Many studies have reported the existence of a negative association between protein content and oil yield. Thus, as protein content is increased, oil yield is reduced, and vice versa (Lee et al. 2019). However, the C3 genotypes showed a positive correlation for these variables, evidencing that although some authors have reported a negative relationship between oil yield and protein content (Bandillo et al. 2015; Kambhampati et al. 2020; Pipolo et al. 2015), there are genotypes in which this correlation is positive. This finding is of crucial importance for soybean breeding since it reveals that it is possible to select genotypes with high means for both variables.

Performance of ML models

Figure 4 shows the percentage of correct classifications (CC) based on the different ML models tested. ANN, REPTree, RF, and SVM showed the highest percentage of correct classifications, while J48 and RL had the lowest CC means. For F-score, J48 and RF showed better performance. Therefore, RF was the best performing model considering both accuracy metrics.

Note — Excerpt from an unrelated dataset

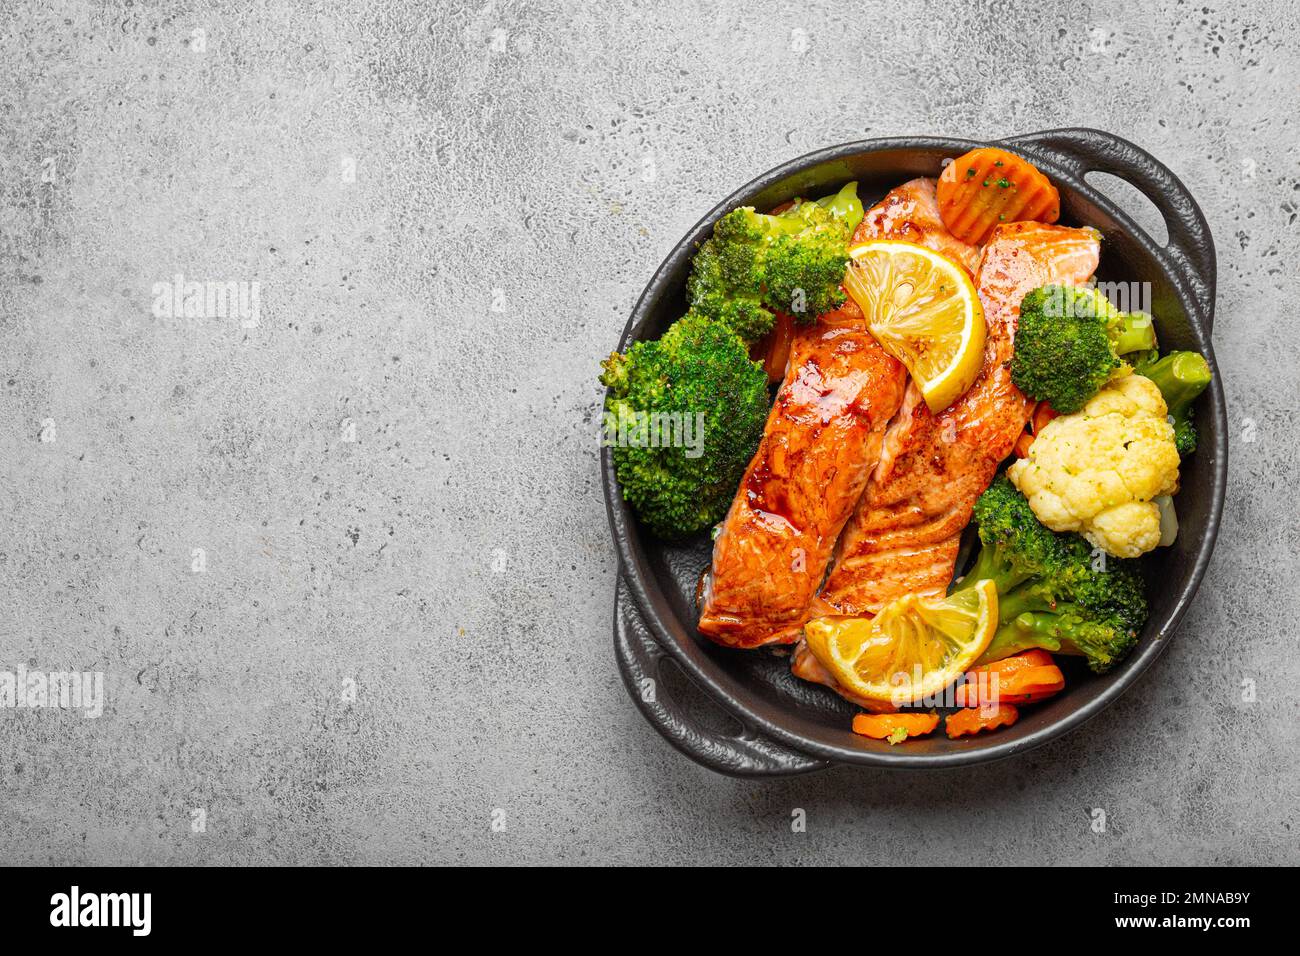 Healthy baked fish salmon steaks, broccoli, cauliflower, carrot in black cast iron casserole bowl on grey stone background. Cooking a delicious low Stock Photo

RF is commonly used in data modeling studies, and has achieved superior results compared to other techniques, especially in classification studies using spectral, multispectral, and hyperspectral data (Fletcher and Reddy 2016; Teodoro et al. 2021; Zhou et al. 2020). Although the accuracy values obtained with RF cannot be considered high magnitude (50% of CC and 0.40 of F-score), they are in line with those reported in the literature regarding the classification of soybean genotypes for nutritional traits. It is possible to predict the technological traits of soybeans using only the agronomic characters combined with this algorithm, without the need for additional analysis. This information is of great importance for soybean breeding programs.

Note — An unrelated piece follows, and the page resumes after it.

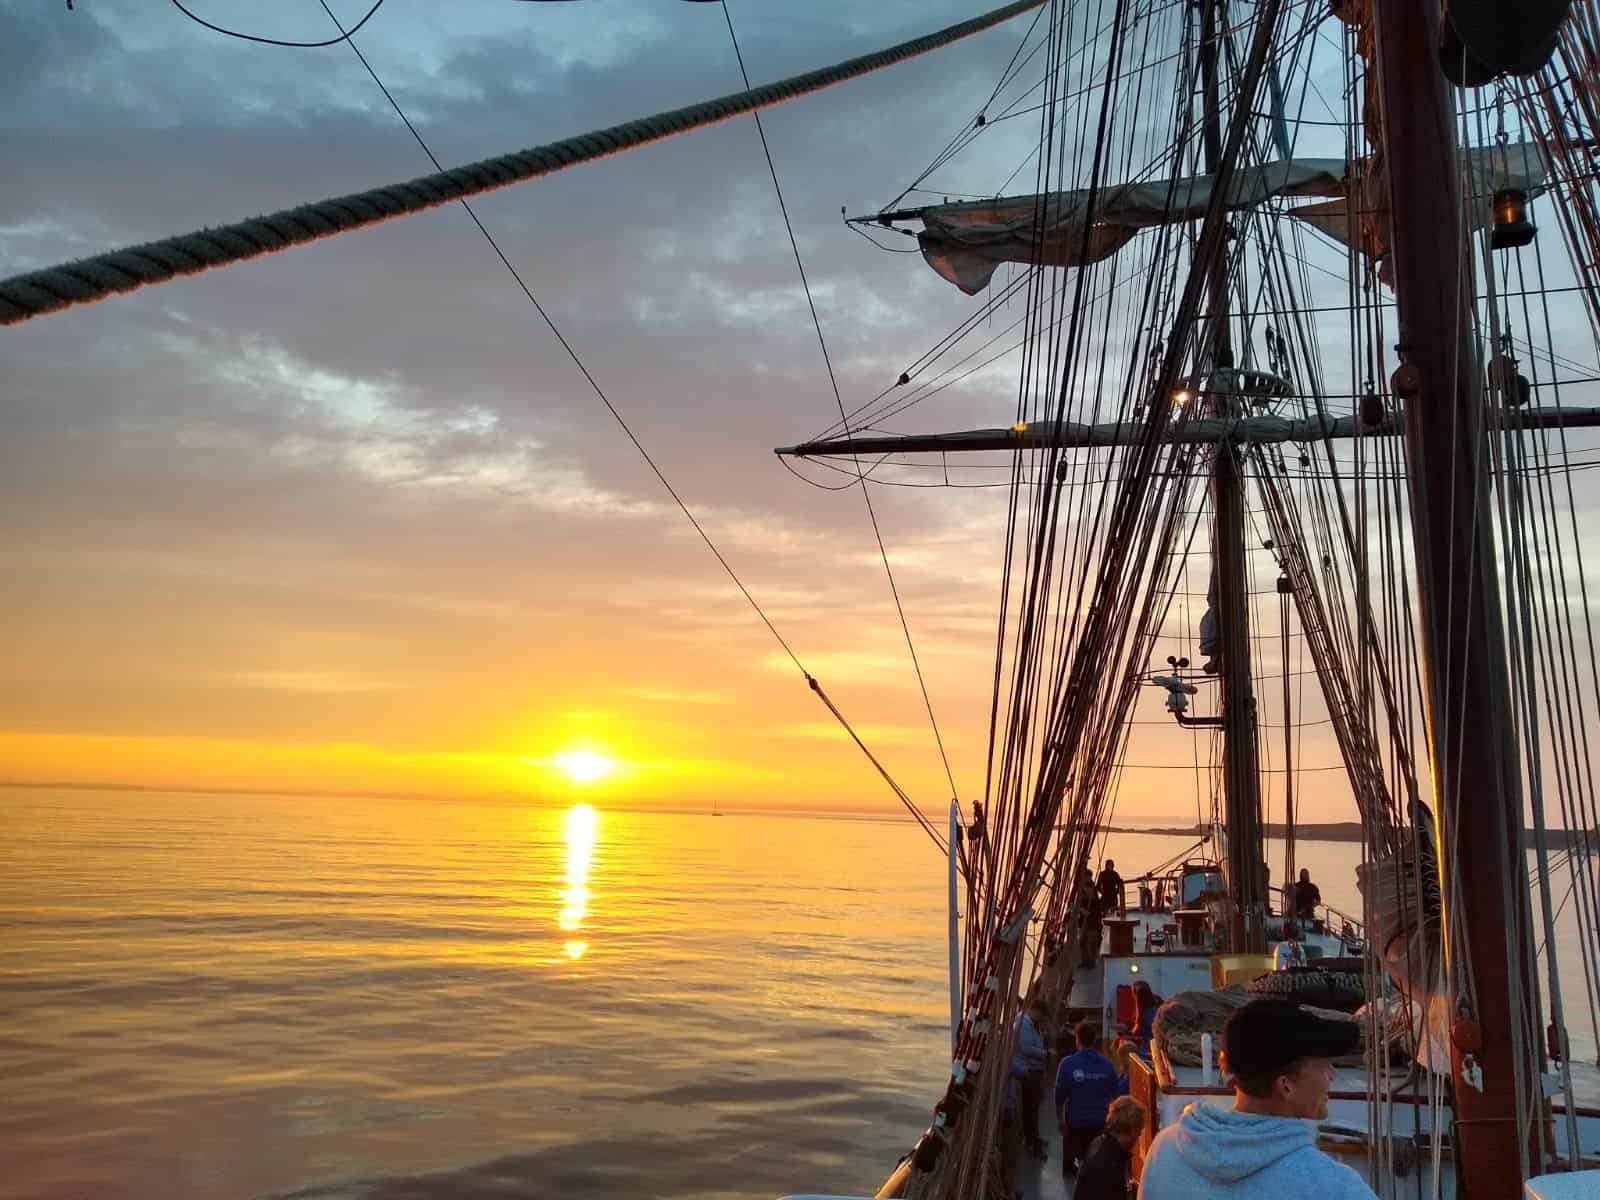 Sunset at anchor Morgenster Jess CLay

However, in studies of genotype classification for traits of interest in plant breeding, this technique is still little explored. The RF algorithm is a method that proposes to group input variables using several decision trees that are built at the time of training step within the vector of characteristics of each tree, and then some of the tree attributes are randomly selected. Once this is done, the entropy presented by each attribute is calculated and the one with the highest entropy is chosen to separate the classes in that position of the tree. The output of the classifier will be the one in which the class was returned as the answer by most of the trees belonging to the forest (Breiman 2019). The main advantage of using RF is the elimination of overfitting, a very common problem when using decision trees (Belgiu and Drăgu 2016), which can justify its superior performance.

Our findings reveal that the clustering of genotypes with better performance for industrial variables obtained by k-means and PCA, and the use of these groups as output in supervised ML models using agronomic traits obtained still in the field as input data is a promising strategy for complex data analysis in soybean crop. The approach used here allows time, labor and funding savings, thus contributing to better decision-making in soybean breeding programs aimed at obtaining genotypes with higher oil yield, protein content and productive performance, which is one of the major current challenges in soybean improvement. Future studies should test other data modeling, such as the prediction of industrial technological variables based on agronomic ones aiming at identifying auxiliary variables in the selection of genotypes combining good performance for industrial and agronomic variables, which will require even more powerful ML models due to the complex relationship between these variables.

Conclusion

The use of machine learning techniques enables moderate accurate classification of soybean genotypes for industrial technological variables based on agronomic traits as input in models. Based on the percentage of correct classifications and F-score, Random Forest is the most efficient classification technique.